The data stored in a swap area is meaningful as long as the system is on. When the system is switched off, all processes are killed, so all data stored by processes in swap areas is discarded. For this reason, swap areas contain very little control information; essentially, the swap area type and the list of defective page slots. This control information easily fits in a single 4 KB page.
Usually, the system administrator creates a swap partition when creating the other partitions on the Linux system, and then uses the mkswap command to set up the disk area as a new swap area. That command initializes the fields just described within the first page slot. Since the disk may include some bad blocks, the program also examines all other page slots to locate the defective ones. But executing the mkswap command leaves the swap area in an inactive state. Each swap area can be activated in a script file at system boot or dynamically after the system is running. An initialized swap area is considered active when it effectively represents an extension of the system RAM (see Section 16.2.3 later in this chapter).
Each active swap area has its own swap_info_struct descriptor in memory. The fields of the descriptor are illustrated in Table 16-1.
The flags field includes two overlapping subfields:
SWP_USED
1 if the swap area is active; 0 if it is nonactive.
SWP_WRITEOK
This 2-bit field is set to 3 if it is possible to write into the swap area and to 0 otherwise; since the least-significant bit of this field coincides with the bit used to implement SWP_USED, a swap area can be written only if it is active. The kernel is not allowed to write in a swap area when it is being activated or deactivated.

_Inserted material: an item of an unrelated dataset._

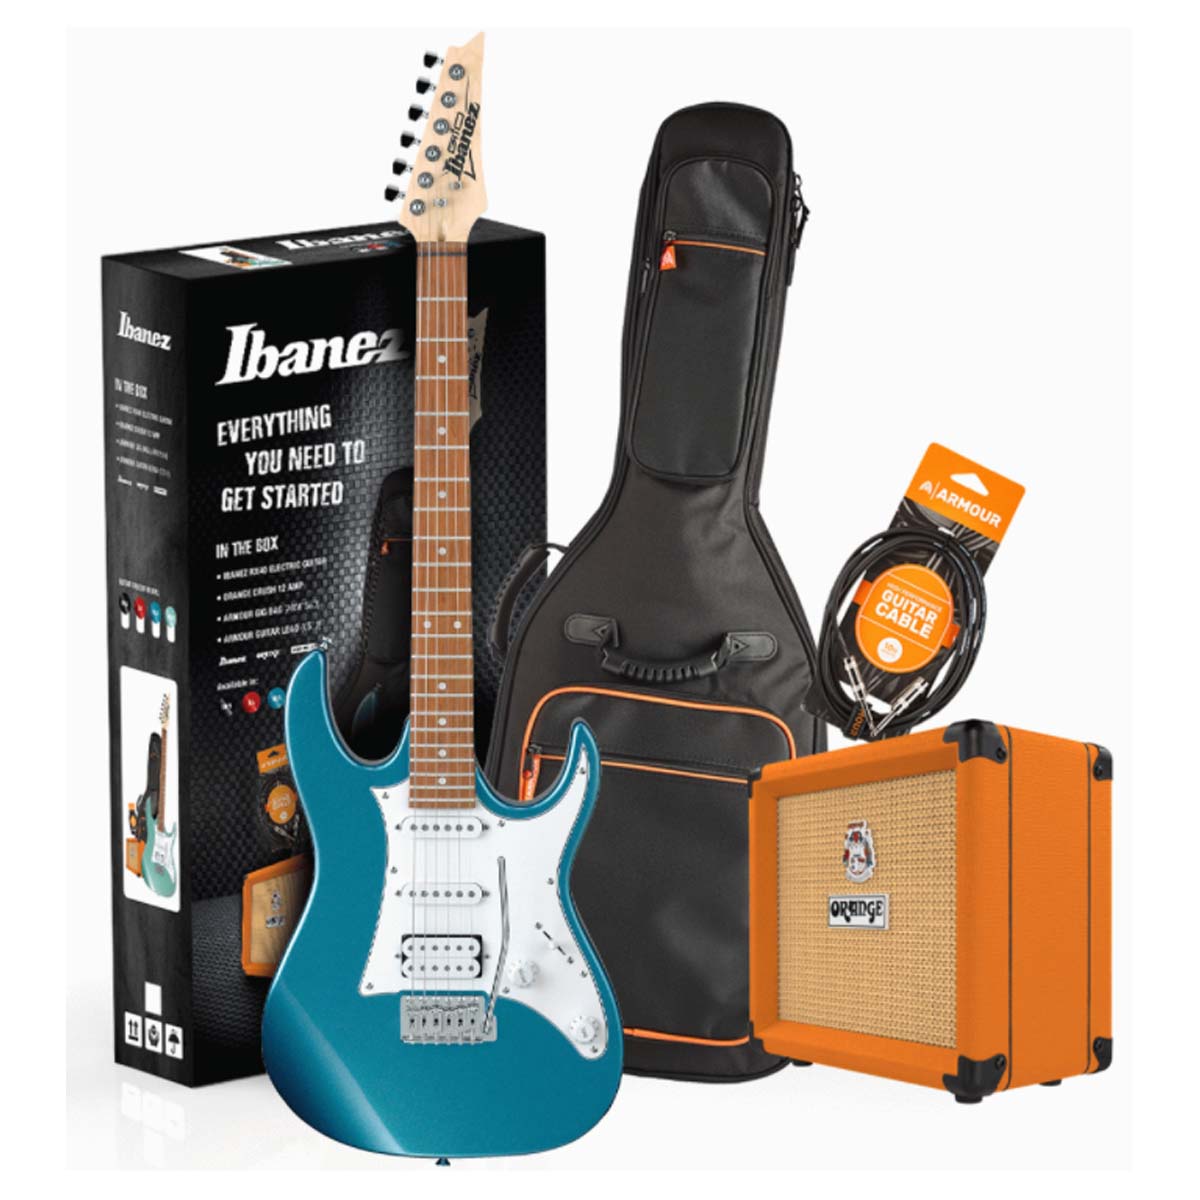 Ibanez RX40 Electric Guitar Pack Metallic Blue w/ Orange Crush 12 Amp & Bag & Lead - GTPRX40MLBPACK

The swap_map field points to an array of counters, one for each swap area page slot. If the counter is equal to 0, the page slot is free; if it is positive, the page slot is filled with a swapped-out page (the exact meaning of positive values is discussed later in Section 16.3). If the counter has the value SWAP_MAP_MAX (equal to 32, 767), the page stored in the page slot is "permanent" and cannot be removed from the corresponding slot. If the counter has the value SWAP_MAP_BAD (equal to 32,768), the page slot is considered defective, and thus unusable.[1]

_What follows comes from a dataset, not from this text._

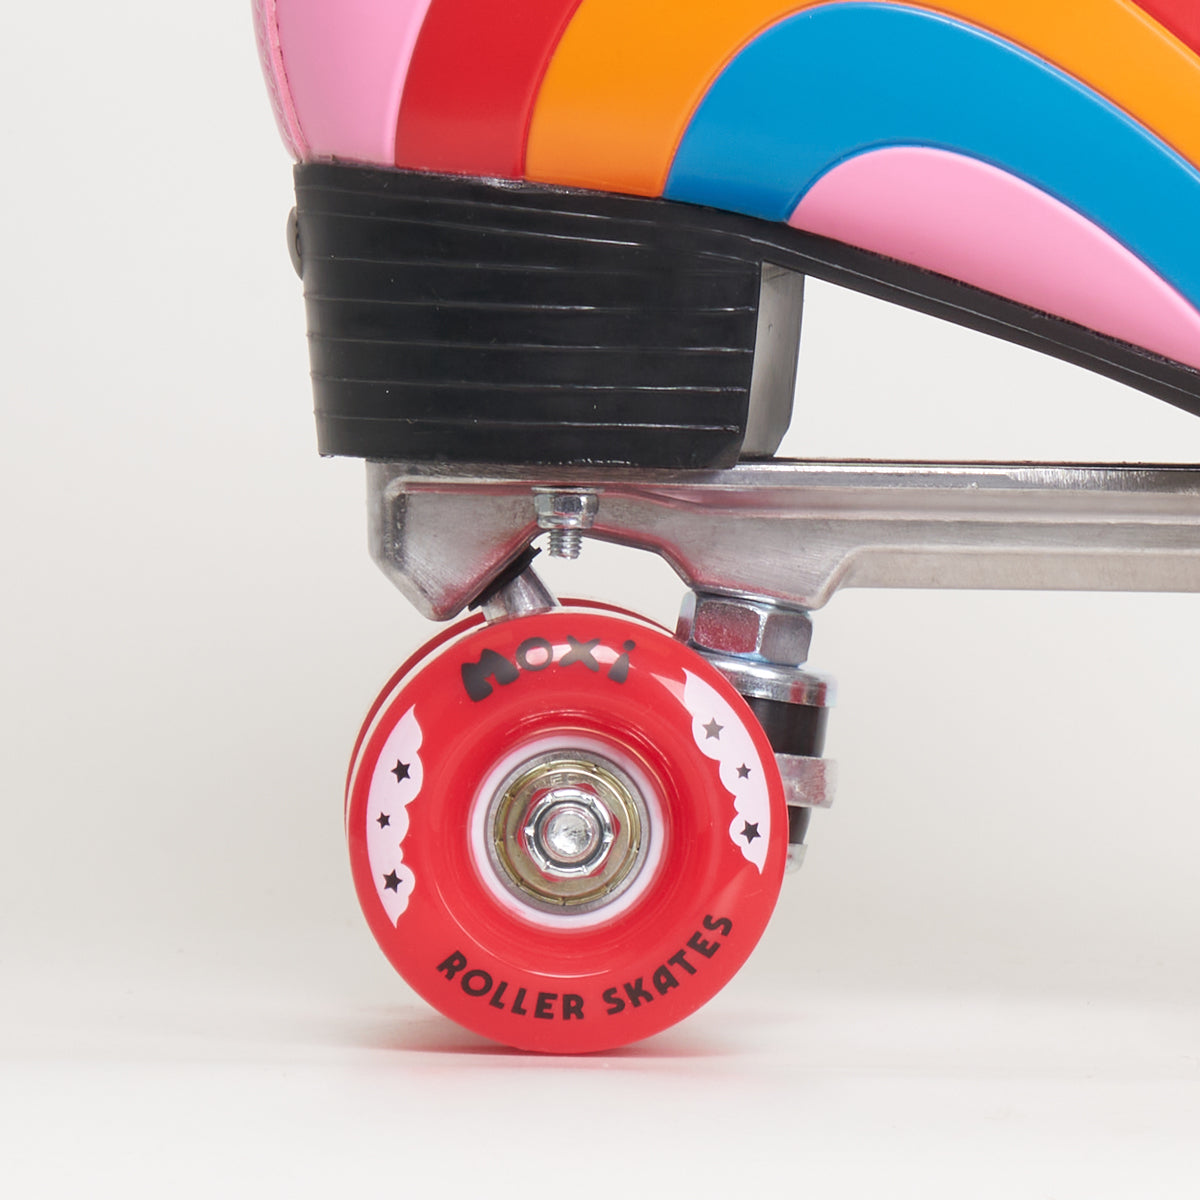 Moxi Rainbow Rider Rollerskates - Bubblegum pink

[1] "Permanent" page slots protect against overflows of swap_map counters. Without them, valid page slots could become "defective" if they are referenced too many times, thus leading to data losses. However, no one really expects that a page slot counter could reach the value 32,768. It's just a "belt and suspenders" approach.
The prio field is a signed integer that denotes the order in which the swap subsystem should consider each swap area. Swap areas implemented on faster disks should have a higher priority so they will be used first. Only when they are filled does the swapping algorithm consider lower-priority swap areas. Swap areas that have the same priority are cyclically selected to distribute swapped-out pages among them. As we shall see in Section 16.2.3, the priority is assigned when the swap area is activated.
The sdev_lock field is a spin lock that protects the descriptor against concurrent accesses in SMP systems.
The swap_info array includes MAX_SWAPFILES swap area descriptors. Of course, not all of them are necessarily used, only those having the SWP_USED flag set. Figure 16-1 illustrates the swap_info array, one swap area, and the corresponding array of counters.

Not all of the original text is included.